Type E: Internal data platform
Several of the large tech companies use their own internal data work platforms, which have usually been modelled off the operations of MTurk (Gray and Suri, 2019). Crowdsourced workers on these platforms can be requested to perform a variety of different tasks for employees of the company to improve internal products and proprietary algorithms. Instead of posting a task on a generalist crowdsourcing platform, company employees can utilise their own platform to ensure that workers have signed non-disclosure agreements, which maintains higher levels of privacy and security for the company's products. Microsoft's internal company platform is called Universal Human Resource System (UHRS), and its website states that it is ‘a crowdsourcing platform that supports data labeling for various AI application scenarios. Our vendor partners connect us with people – who we refer to as “judges” – to provide data labeling for us at scale’ (UHRS, 2023). Microsoft's employees and authorised partners are the only people allowed to submit a request on UHRS.
The platform offers a range of services in relation to content moderation, image annotation and video annotation including the ability to ‘classify thousands of images quickly and easily. Train your products and tools with improved image detection, boundary recognition, and more with high-quality annotated image data’ (UHRS, 2023). Interviews with workers by Gray and Suri (2019) indicated that workers also review voice recordings, rate the sound quality of clips and moderate text for adult content.
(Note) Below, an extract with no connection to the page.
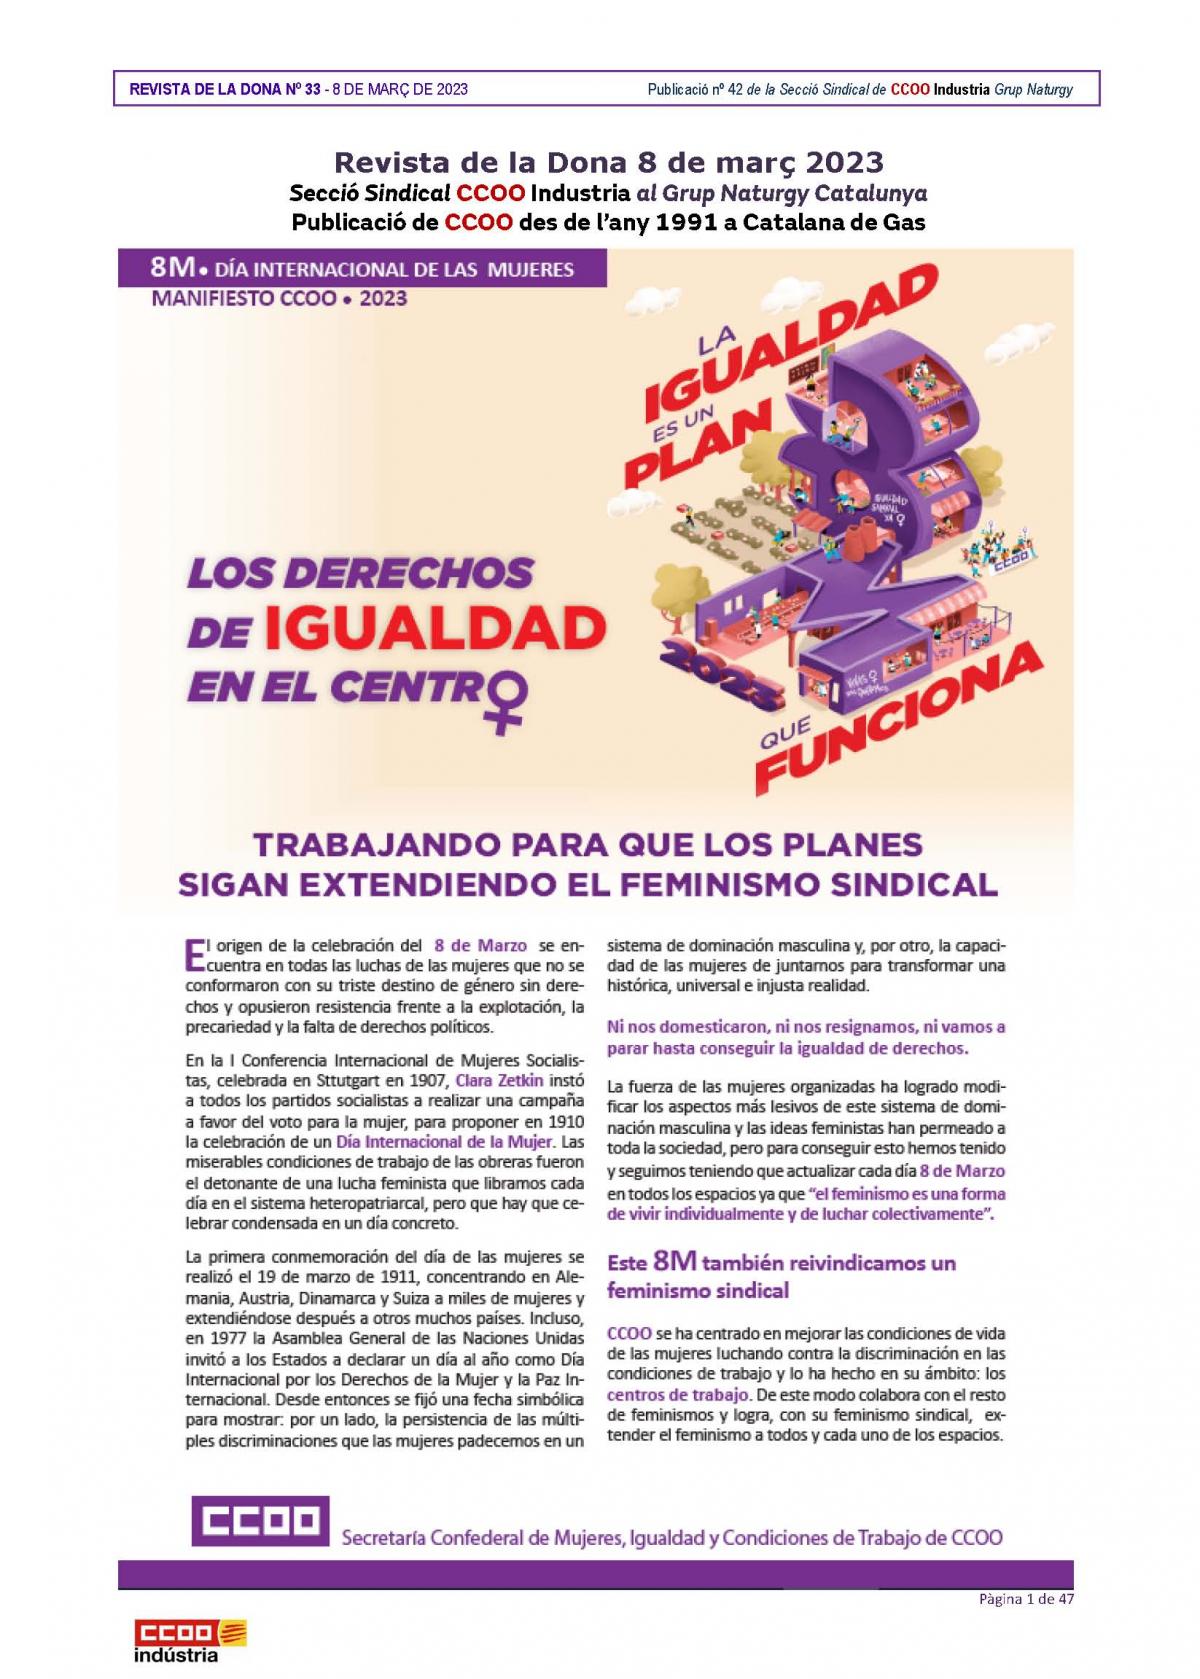 Revista de la Dona 8 de Març, 33 (Març de 2023).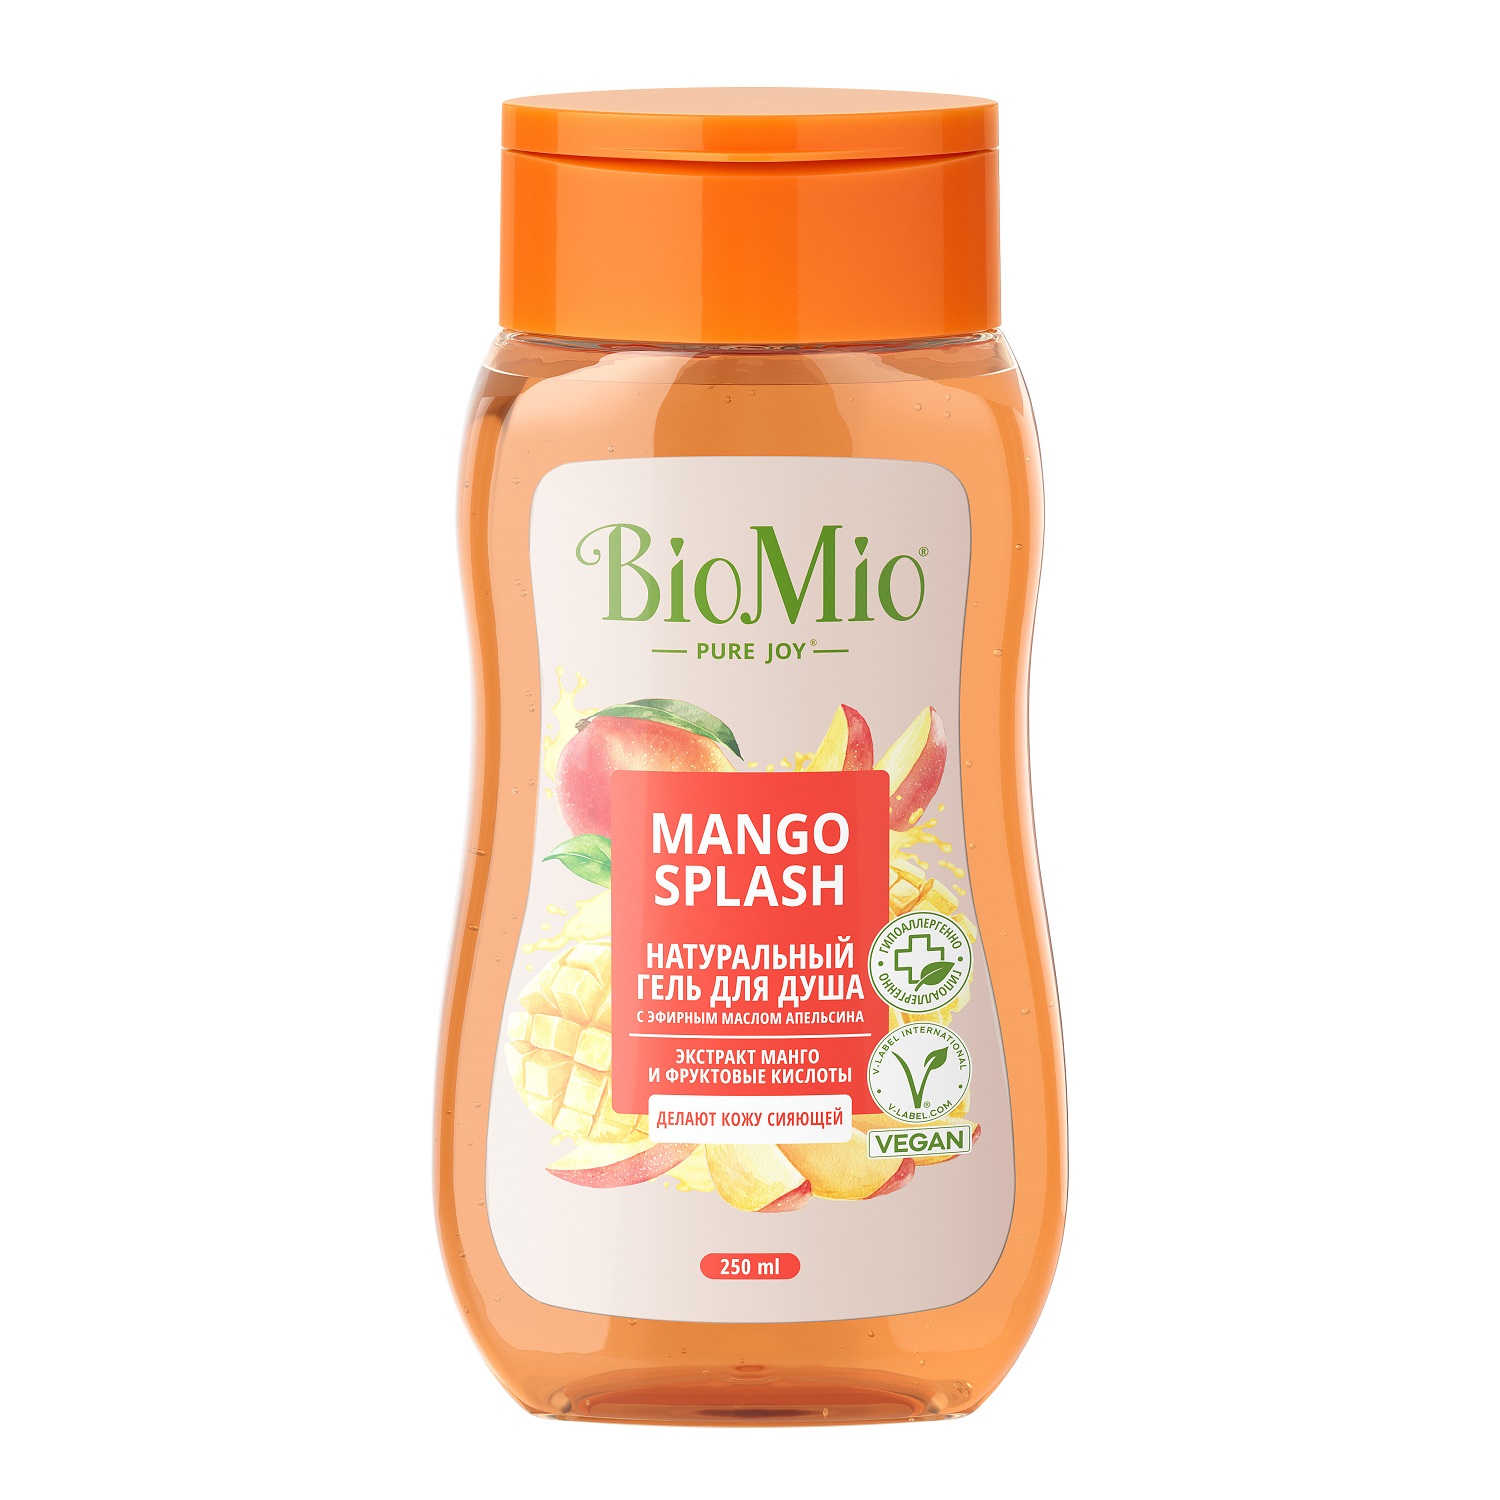 BioMio Гель для душа с экстрактом манго Mango Splash, 250 мл (BioMio, Для ванны и душа) гель для душа biomio манго 250 мл

Workers who perform tasks on these platforms are not employees of the tech companies. They are recruited through a third-party ‘vendor management system’ (VMS) who organise workers and make sure they sign NDAs. For example, Google uses a VMS to find workers for its microwork platform, while Twitter and Facebook use internal platforms that function in a similar way to MTurk to source workers to monitor and review content on their respective platforms (Gray and Suri, 2019).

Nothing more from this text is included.